В упомянутом нами уже письме к Я. П. Полонскому от 1862 года Помяловский относит начало алкоголизма к семилетнему своему возрасту. Любопытны эти строки:

«По выходе из бурсы я столкнулся с добрыми и умными людьми. И понял всю гадость прежней жизни и угрызений совести по случаю, в котором я нисколько не виноват. Я ободрился, бросил пить, работал усердно и, наконец, довольно удачно выступил в литературе. Все улыбалось впереди, и я не думал, что придется поворотить на старую дорогу, а пришлось-таки. Этот поворот случился два года назад. В продолжение всего нынешнего года я был в состоянии полупомешанного. Характер мой изменился; прежде я пил — теперь пожираю водку, прежде отвергал религию — теперь кощунствую; не терпел деспотизма, а теперь сам деспот; не уважал сплетню, приговор кружка, а теперь — общественного мнения; острил и шутил, а теперь ругаюсь. Говорил, а теперь реву. Я дошел, наконец, до мысли о самоубийстве».

В этом письме не случайно подчеркивается усиление и развитие недуга летом 1862 года. Тогда уже обозначилась правительственная реакция (закрытие «Современника», арест Чернышевского и т. д.). На Николая Герасимовича это подействовало особенно подавляюще, ибо избавиться от своего недуга, как мы уже знаем, он мог бы только в атмосфере общественного подъема.

В своих письмах и разговорах с друзьями по поводу своей болезни Помяловский сообщает, «про одно романтическое обстоятельство», обусловившее обострение его болезни.

«Незадолго до смерти, — рассказывает Благовещенский, — он сказал своей матери, что в это время он любил одну девушку, воспитанницу какого-то столоначальника, что сватался к ней, но столоначальник ему отказал, как семинаристу, не имевшему прочной служебной карьеры, и что оба они (девушка и столоначальник) уже умерли. Где и когда познакомился с ними — это так и осталось тайной. В упомянутом письме к Я. Полонскому Николай Герасимович приводит отрывок из своего письма, которое хотел послать, но не послал своему брату: «Я люблю одну девушку, которая подарила меня несколькими поцелуями.
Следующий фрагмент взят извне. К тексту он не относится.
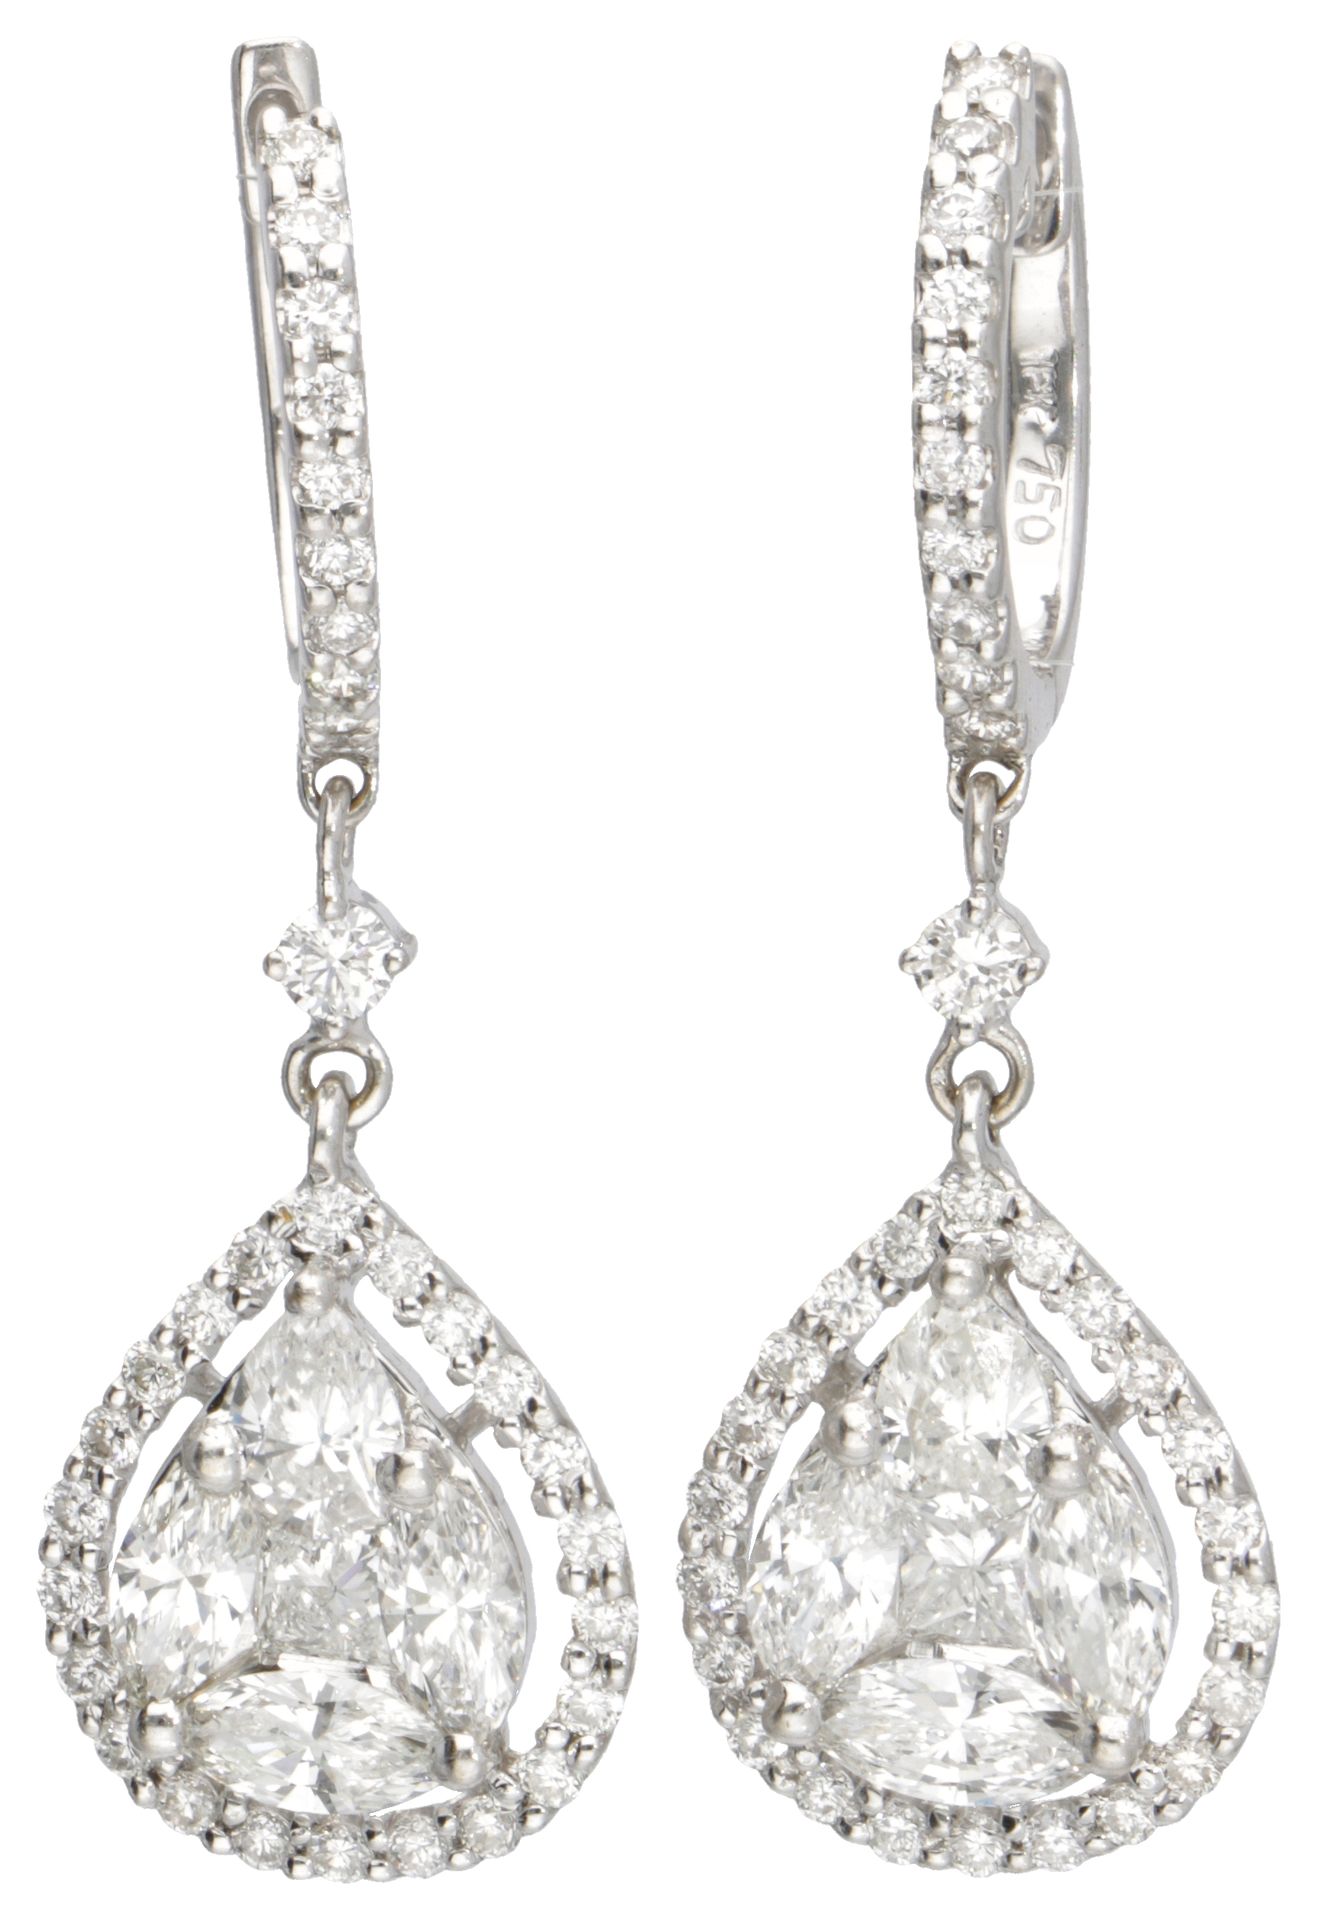 18K. White gold teardrop earrings set with approx. 2.15 ct. Diamond. 印章：750。镶嵌有2&hellip;

Но по проклятой судьбе замуж за меня выйти не может. Я любил ее пять лет, пять лет только дышал ею, молился на нее. Два года назад решено, что нам невозможно жениться. Зимой мы должны были совершенно расстаться. В это время я запил до такой смертности, что не могу остановиться. Теперь только догадался, что, чем пить, лучше броситься в Неву, и брошусь с хохотом и проклятиями. Что мне делать, когда мысли мои путаются, когда приходит в голову прекрасный образ добрейшей, умнейшей, святейшей девушки? Одна любовь могла спасти меня. В те дни, когда оживляла меня надежда на любовь, я не пил, был весел и здоров. Но теперь даже мое железное здоровье расшаталось, моя грудь, на которую в семинарии я позволял становиться 20-летнему парню, теперь болит и стонет. Делать нечего— надо умереть, и я умру».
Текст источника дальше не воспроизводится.